* EXERCISE INPUTS *
----------------------------------------
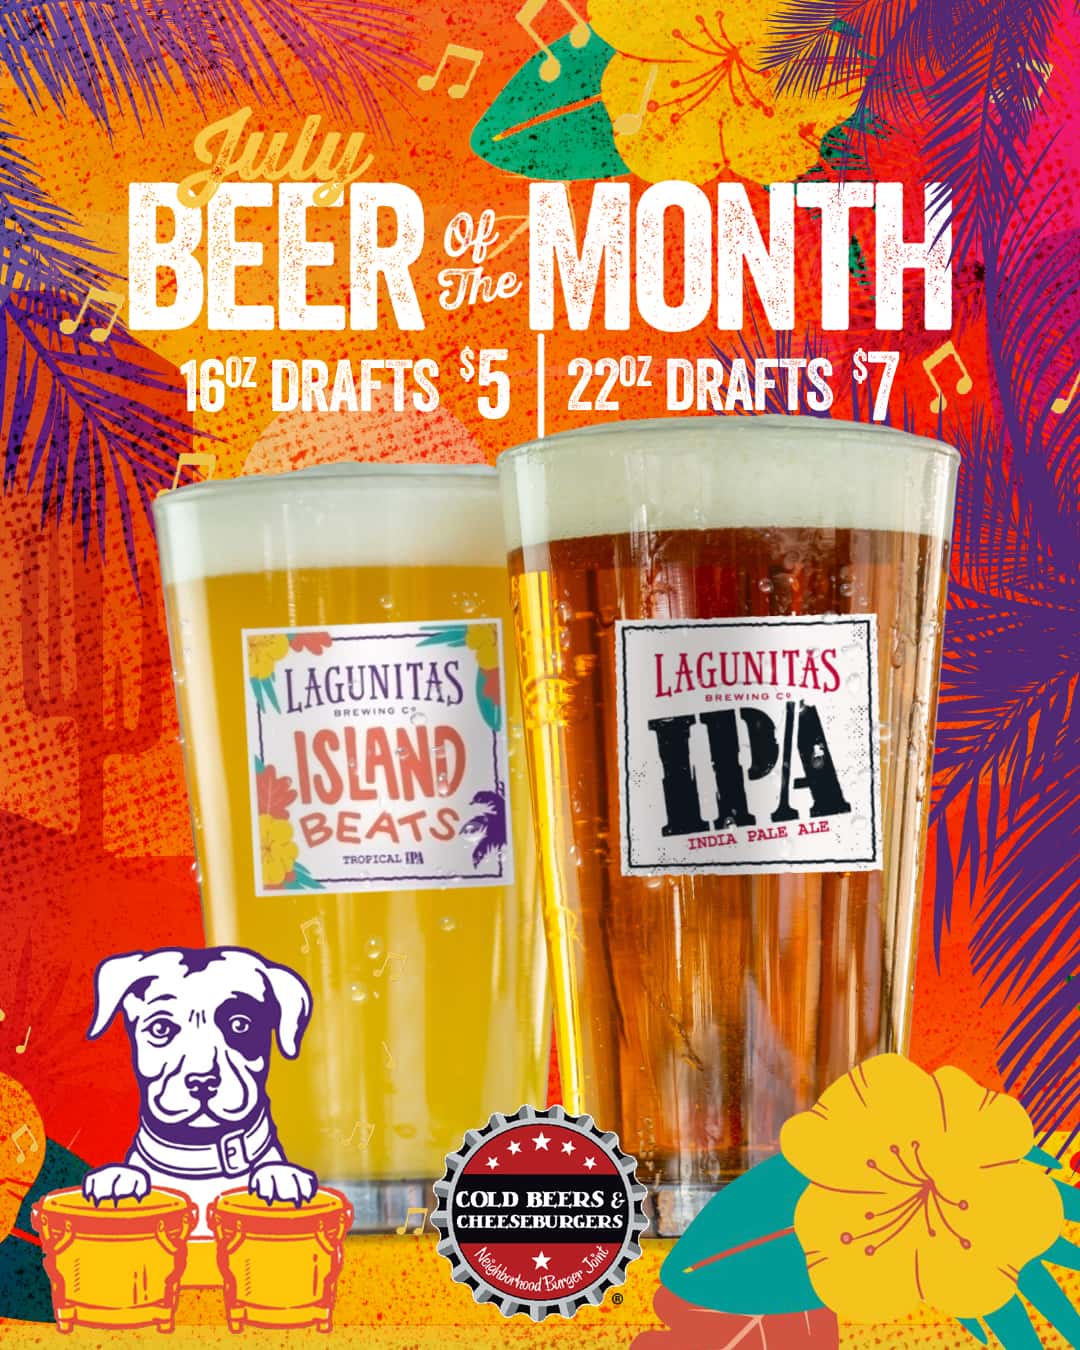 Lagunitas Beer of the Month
----------------------------------------
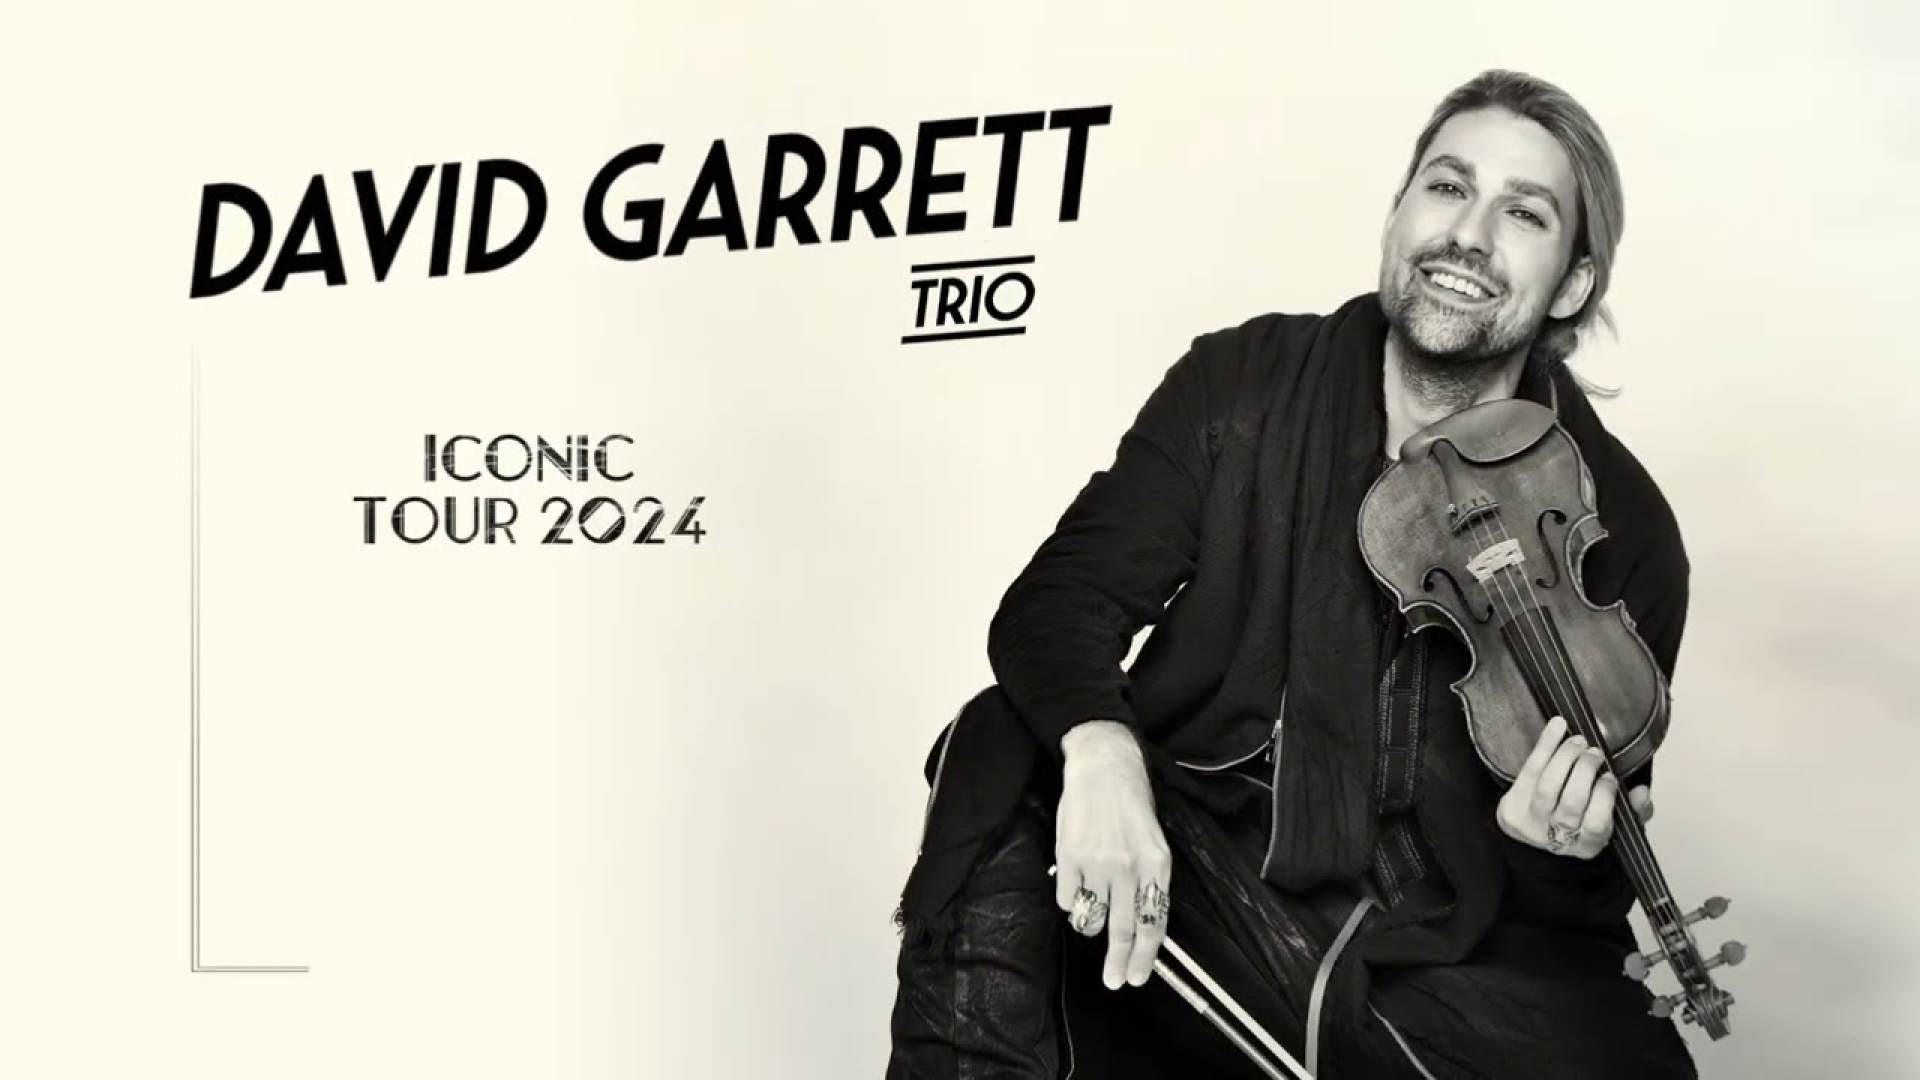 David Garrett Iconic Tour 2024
----------------------------------------
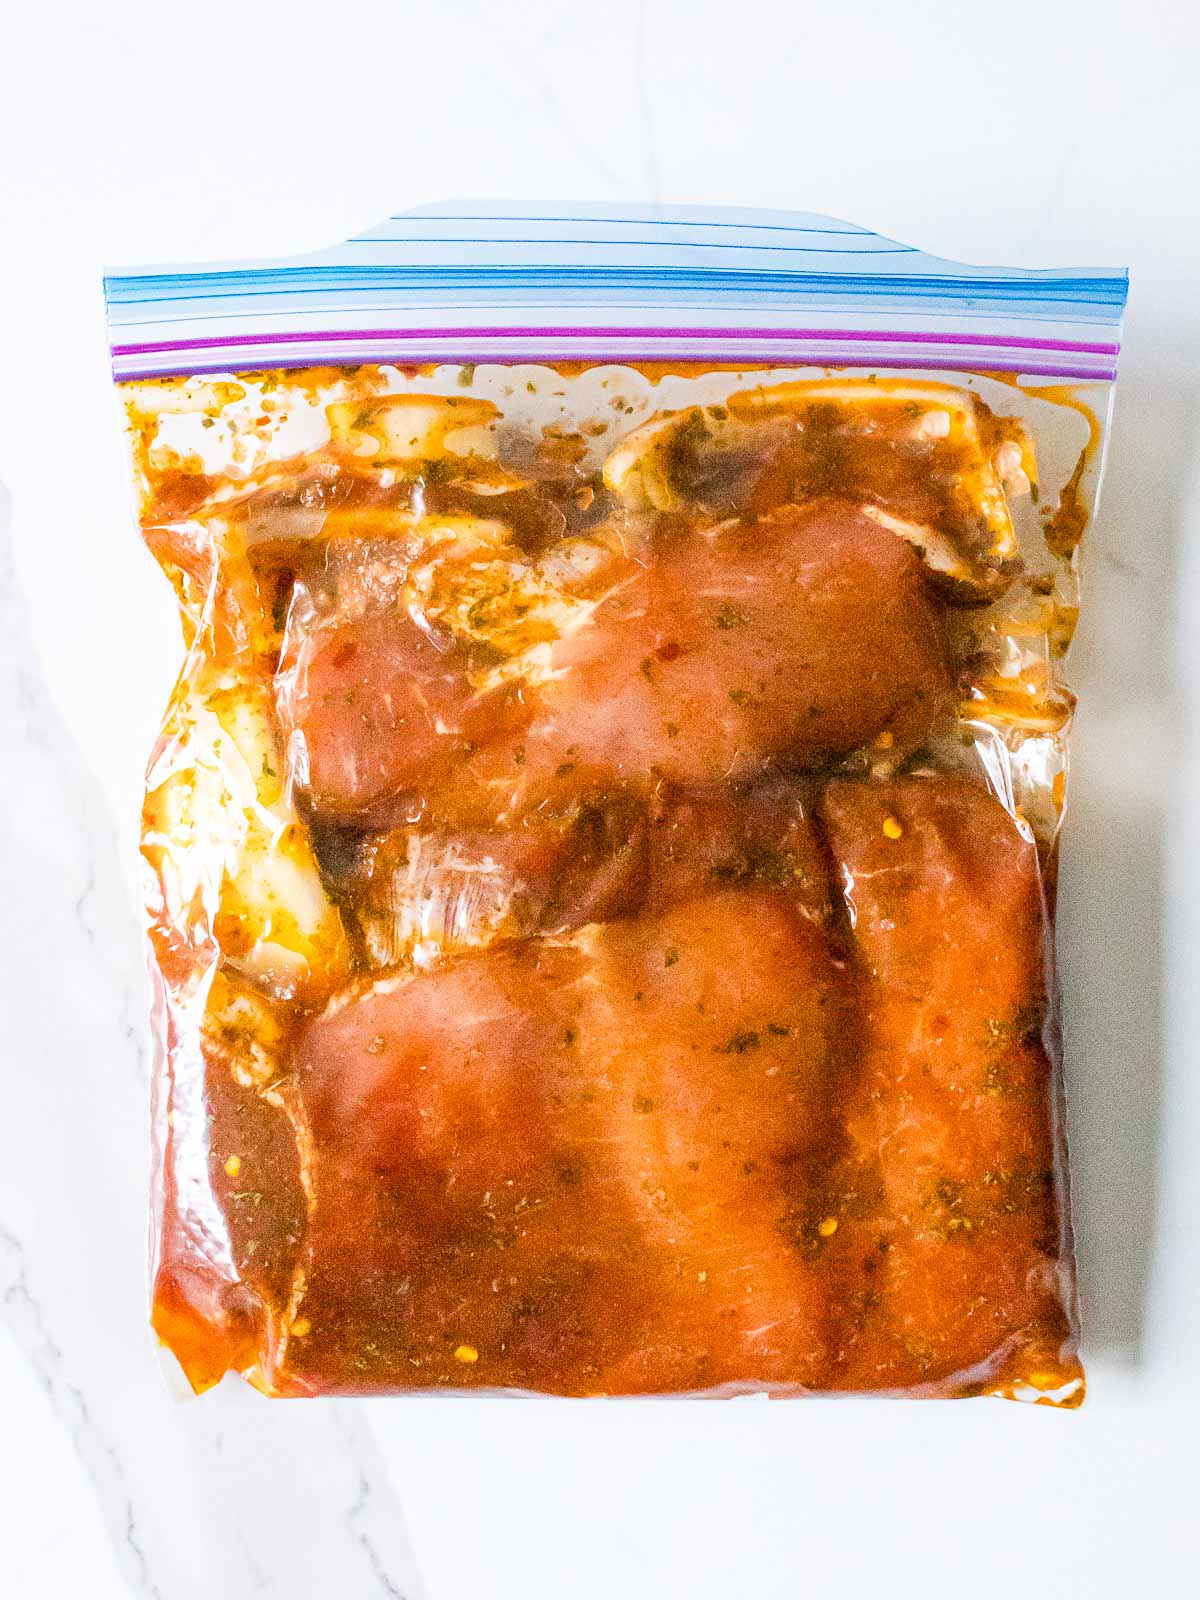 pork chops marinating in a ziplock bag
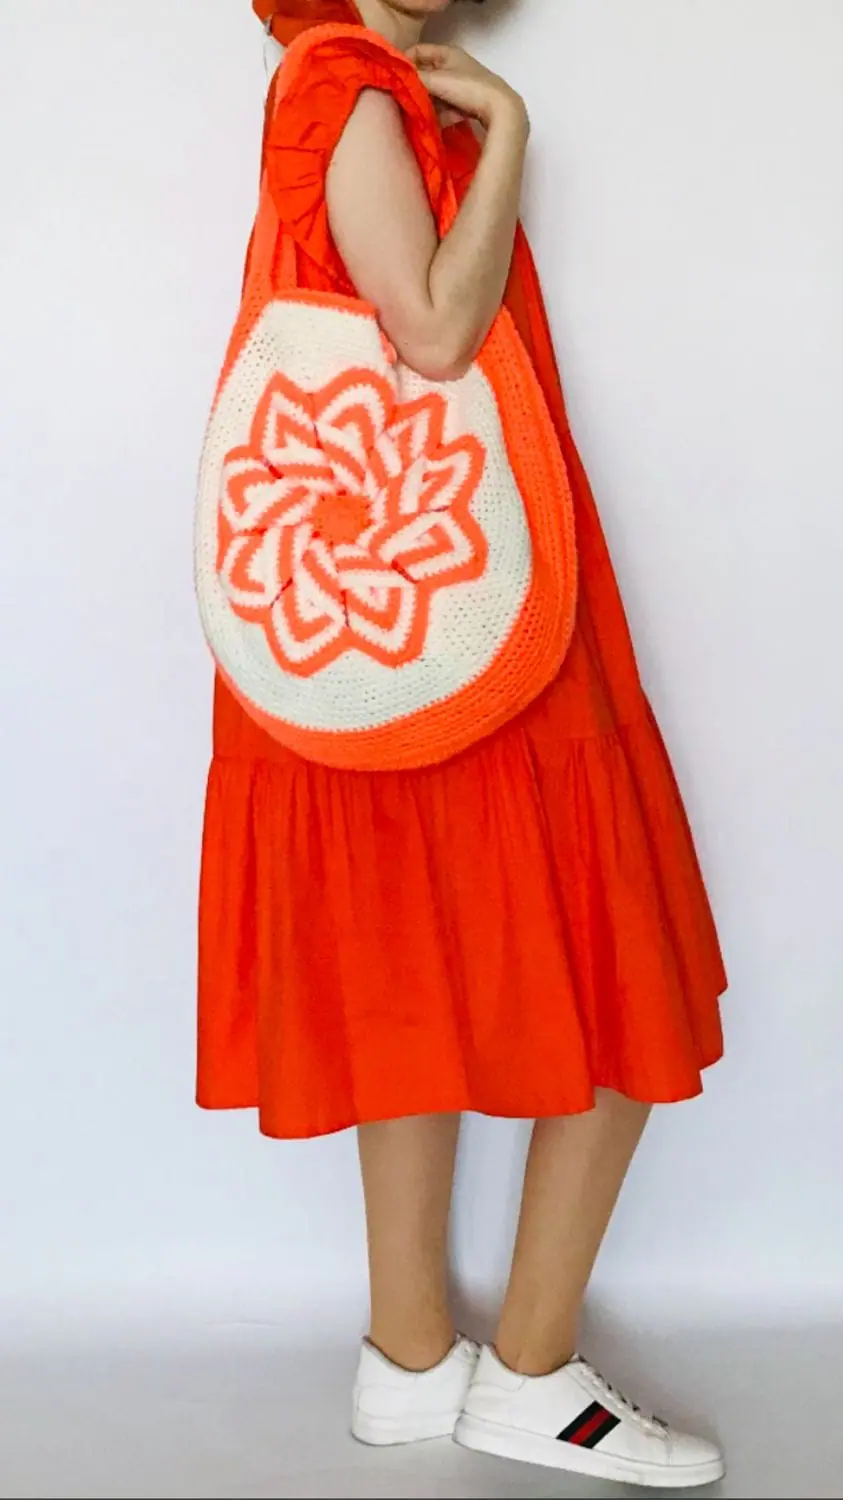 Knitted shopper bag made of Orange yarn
----------------------------------------
* YOUR ASSIGNMENT *
From the line with "pork chops marinating in a ziplock bag" up to and including the line with "Knitted shopper bag made of Orange yarn" above, retype every line exactly and nothing more; leave out the pictures.

* OUTPUT OF THE EXERCISE *
 pork chops marinating in a ziplock bag
 Knitted shopper bag made of Orange yarn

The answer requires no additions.